Thursday, June 26, 2014

5 Favorite Fonts of an Old Typesetter

Metal moveable type. Photo by Willi Heidelbach.
I began my career as a typesetter in 1973 at the Key West Citizen, "the only daily published newspaper in Monroe County." The printing industry was in the throes of switching from hot metal typesetting to phototypesetting, or "cold" type.

Until the advent of this new technology, men dominated the typesetting field because of the weight of the big wooden trays that held the lead type. It took broad shoulders and strong forearms to carry them. The introduction of cold type in the 1960s opened the door for women, like me, and all I needed to know was how to type.

Phototypesetting equipment prevailed throughout the
1970s and 1980s until Apple introduced the Macintosh
and desktop publishing was born.
As long as I can remember I have loved the physical act of writing. I spent hours as a child copying poems, stories and dictionary definitions just to have something to write. I was convinced at the age of 11 that I had lived as one of those monks of the middle ages, illuminating manuscripts for the wealthy patrons of the church.  I had visited the library often and I learned that some of the larger European monasteries contained separate areas for the monks who specialized in the production of manuscripts, a place called a scriptorium, and I could well imagine how those spaces felt and smelled. It was vivid in my imagination as a child, and actually is, still. Within the walls of a scriptorium were individualized areas where a monk could sit and work on a manuscript without being disturbed by his fellow brethren. To me, that would be heaven.

Typesetting was a natural fit for me and, as such, I spent twenty years of my life doing it for newspapers, magazines, advertising agencies and print shops. And, because I spent so much of my time immersed in type, I developed a list of favorites. So, on with the show!

Always at the top of my list is Garamond! There are a few versions, but, whichever one you're using, they all appear to have the characteristics of the original Garamond. The letterforms convey a sense of fluidity and there are unique characteristics in the letters, such as the small bowl of the lower case a and the small eye of the e. Long extenders and top serifs have a downward slope. And, the italics is, without question, THE most beautiful of any italic font found anywhere. More importantly, Garamond is considered to be among the most legible and readable serif typefaces for use in print (offline) applications today. It is truly a timeless font and belongs on all "best of" font lists.

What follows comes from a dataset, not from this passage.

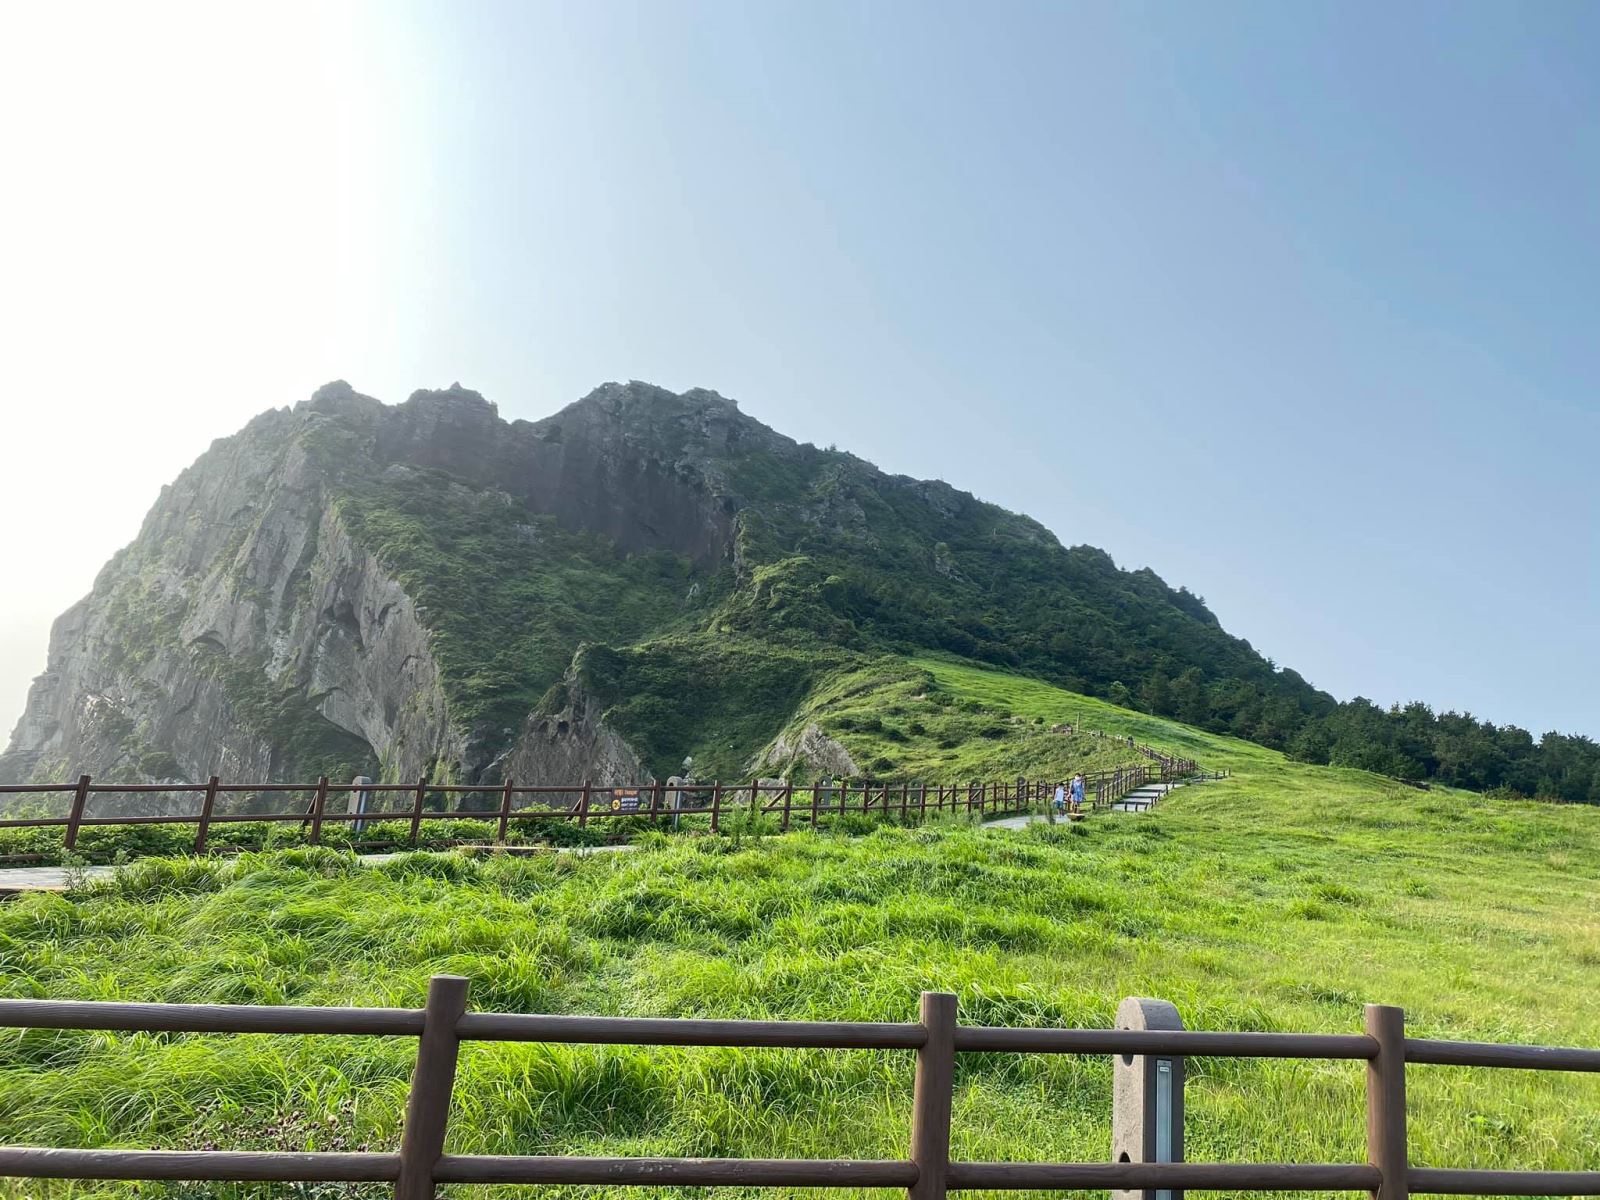 Phong cảnh thiên nhiên ở Jeju còn rất hoang sơ và yên bình

My favorite sans serif type is Gill Sans, designed by graphic artist Eric Gill in 1926 when he painted a sign above the door of a bookstore. He was later commissioned to develop an entire family of fonts based on his design, and the story is that his font was meant to combat the "modern" faces coming out of Germany in that era, like Futura and Kabel. Gill Sans was released by Monotype Corporation in 1928 and has been a favorite of designers around the world ever since. Gill designed this face to function equally well as a text face and for display. THAT is what makes it a great font family, in my humble opinion, and it is my first font when I'm looking for sans serif body copy. I like the balance of the interletter relationships. I think it's because the capital M is based on the proportions of a square with the middle strokes meeting at the centre of that square. That gives it less of a mechanical feel than geometric sans serifs like Futura. It is a beautiful face and continues to thrive to this day, often being used to bring an artistic or cultural sensibility to projects. I truly love Gill Sans.

ITC Avant Garde is a distinctive sans serif that I consider the "Thoroughly Modern Millie" of typefaces. According to Wikipedia, it is based on the logo font used in the Avant Garde magazine of the 1970s. Herb Lubalin devised the logo concept and its companion headline typeface, then he and Tom Carnase, a partner in Lubalin's design firm, worked together to transform the idea into a full-fledged typeface. It is very modern, yet, not mechanical. The roundness of the letters lends to its readability and, like Gill Sans, works as a headline type as well as a text face.

Palatino is the name of a large typeface family that began as an old style serif typeface designed by Hermann Zapf in Frankfurt, Germany. First released in 1948 by the Linotype foundry, it would be one of the Macintosh's original typefaces when the first Apple computer appeared in the 1980s. Like Garamond, it is highly readable as text and as a headline font, but, where Garamond is elegant letterforms (think Giorgio Armani), Palatino has a softness that is welcoming to the eye (think Ralph Lauren). I adore Palatino and use it over and over.

If I were trapped on a desert island and could only have one script font, it would have to be ITC Edwardian Script. Designed by Edward Benguiat, it has a musical character quality, but is clearly a calligraphic typeface. It is truly a delicate, yet sophisticated typeface. It is reported that the characters were each drawn and redrawn until the connections of the letters was perfected to create the look of true handwriting. It's probably THE most readable script font out there.

I still purchase fonts and have a library of fonts from across the web, acquired over the years. I am a font whore. But, when I am stuck, or don't know how to begin a project, I will go to one of these typefaces to help me tell the story. It works every single time.